De nada servirán las invocaciones y los llantos: la magia electoral de Yolicienta la tendrá que hacer ella sola. A lo mejor, como es de tierra de meigas, acabará dando con alguna fórmula, entre chamánico-Pachamama y aquelarre-filoetarra que inspire en sus acólitos el Temor de la Diosa Madre (y Médico) y termine de consagrar su álgebra postraumáticamoderna. Nos gustaría, por deportividad, proponerle algunas ideas:

  • SUMARca electoral, dará al traste con las ambiciones de sus hermanastras;
  • SUMARaña ideológica confundirá a todos sus rivales;
  • SUMARtirio a manos de los fachas -pues como todos los políticos de izquierdas de este país, especialmente los nacidos después de 1975, son ellos también (el me too «marca España») víctimas del terrorismo franquista- convencerá a todos los compañeros de lucha de buena voluntad;
  • SUMAR de seguidores la elevará a las cumbres del poder, que es su lugar natural.
  • SUMARbete de sindicalista sin complejos nos hará olvidar a todos que su tren de vida matritense tiene mucho más de Cuqui Fierro que de Manuela Malasaña.
  • SUMAReante elocuencia arrastrará a las masas.
  • SUMARavillosa inventiva verbal dejará atónitos incluso a los más pertinaces seguidores de Rajoy.
  • SUMARcial determinación contra toda injusticia (real o no) reunirá en pos de la cola de su vestido a todos los olvidados por el wokismo rampante: «¡créese una causa y sígame!».
  • SUMARiamente, Yolicienta recabará los apoyos de todo el mundo, porque no hay nada menos discriminatorio y divisivo que no tener programa alguno.
  • Su hermanastra y SUMARqués serán condenados al limbo de los aburguesados, por permitirse tener una casa con piscina.
  • Y, en fin, con SUMARrubio, SUMARtini y SUMARta cebellina (para los días de Ópera), la poción está completa, y SUMARtes de Carnaval perpetuo no verá nunca amanecer un Miércoles de Ceniza.

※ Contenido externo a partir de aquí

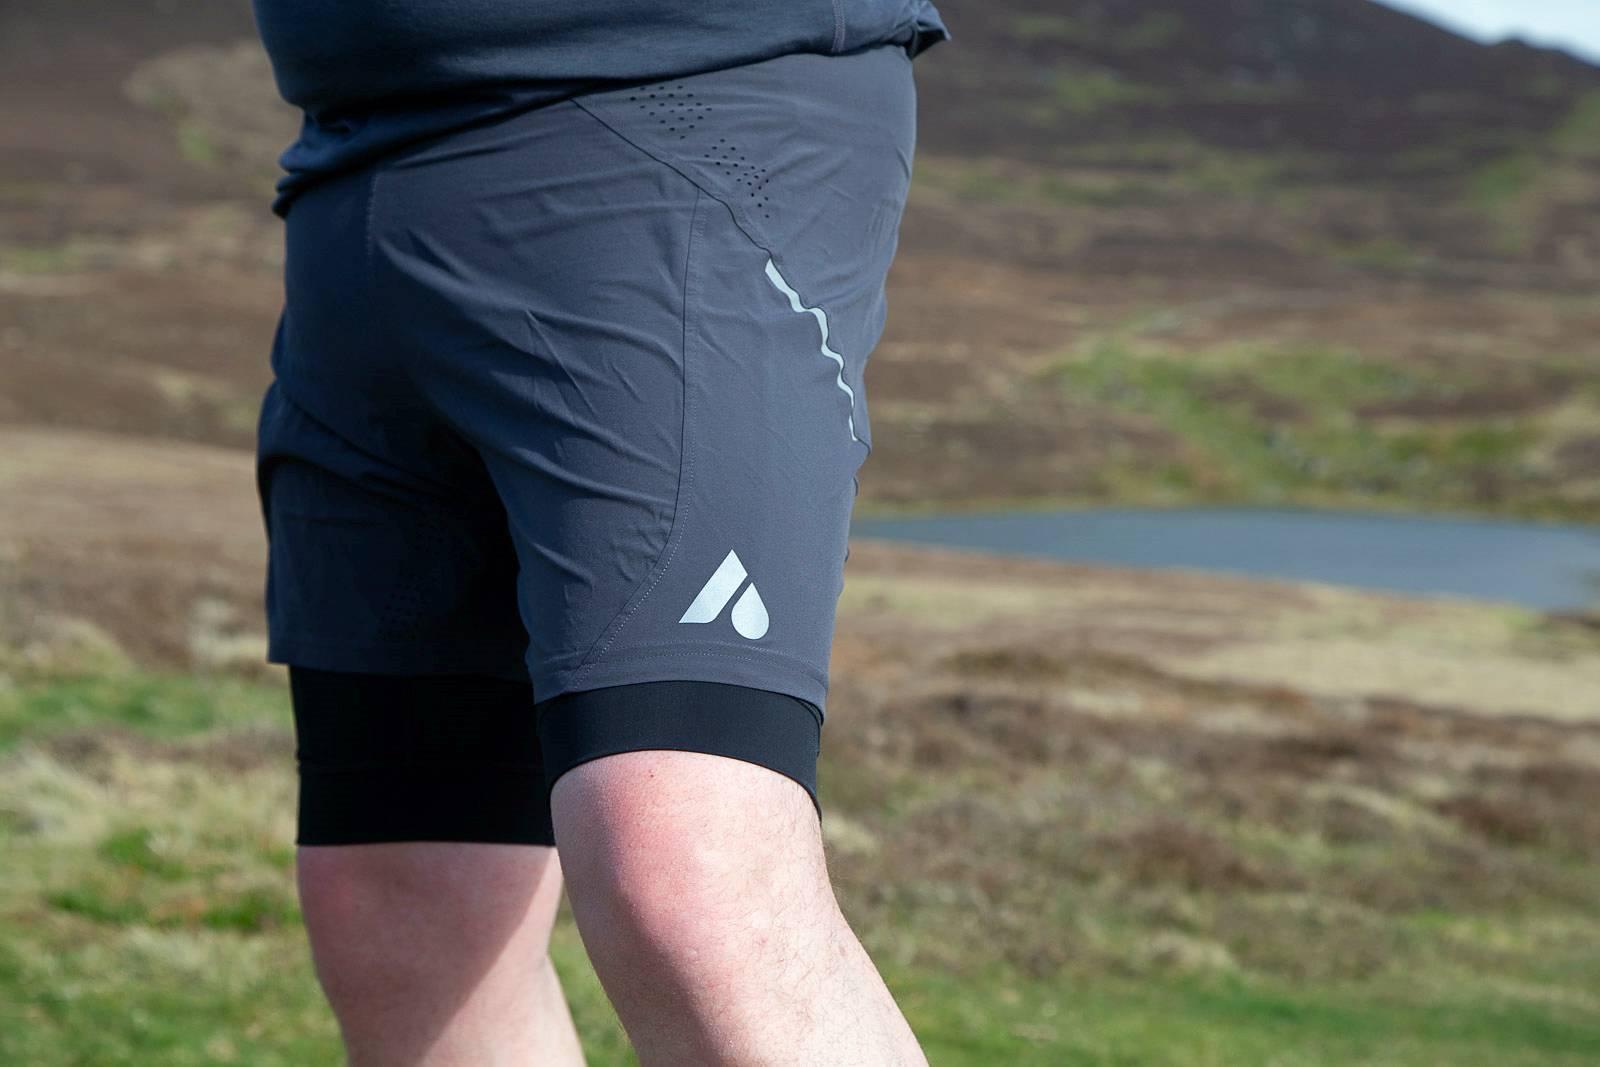 Aussie Grit Apparel Flint Running Long Sleeve Top and Shorts Review ... 926d7649b

Ya puede, la valerosa Yolicienta, acudir al baile, provista de tan poderoso filtro de amor; quizás, después de todo, algo de magia se opere en el mientras tanto, y como el hada madrina de la película, veamos un perro —de raza abertzale— convertido en cochero, seis ratitas podemitas transformadas en caballos y la ya inútil calabaza ciudadana ejerciendo de noble carruaje.

¿Y a la medianoche…? ¡Ay! Los escrutinios, sin piedad, devolverán a Yolicienta a la triste realidad: la matria no eran más que polvo, vanidad y alimentarse de viento.